:: EXERCISE REQUIREMENTS ::
Begin your transcription at the line containing "Sullivan-Automotive-Group-Advertising-Reviews-Pricing" and continue it, word for word, to the final line below. Include only those lines and skip the pictures.

:: COLLECTED MATERIAL ::
★ ★ ★ ★ ★
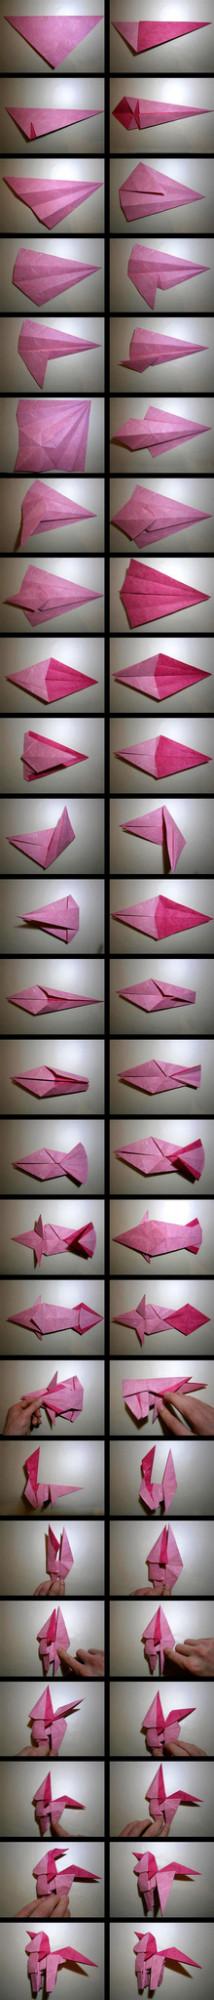 пони оригами диаграмма
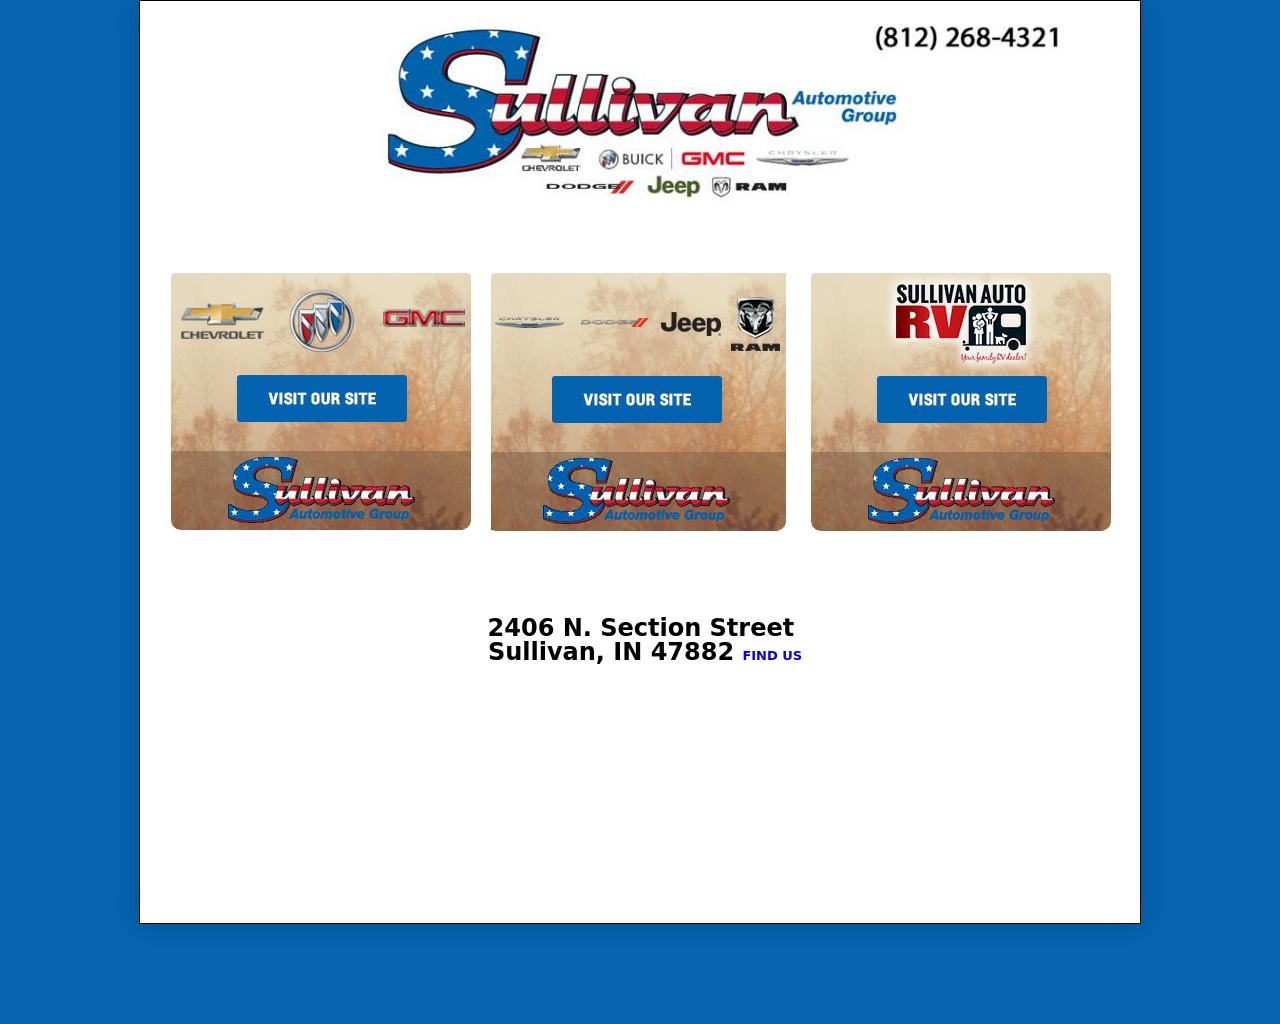 Sullivan-Automotive-Group-Advertising-Reviews-Pricing
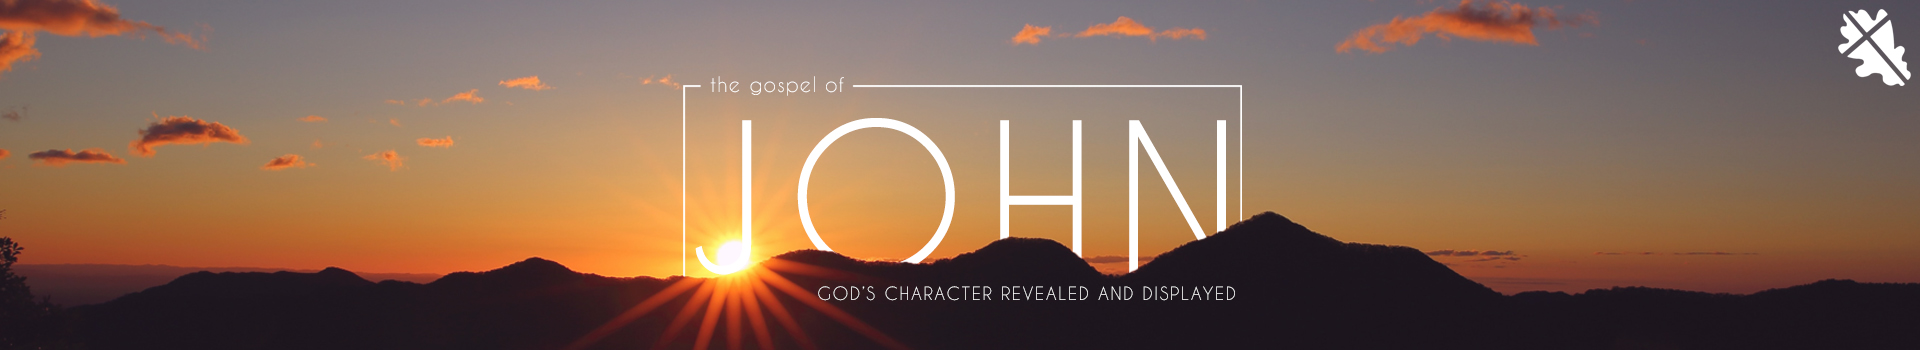 John_Sermon_Series
★ ★ ★ ★ ★
:: ANSWER SECTION ::
 Sullivan-Automotive-Group-Advertising-Reviews-Pricing
 John_Sermon_Series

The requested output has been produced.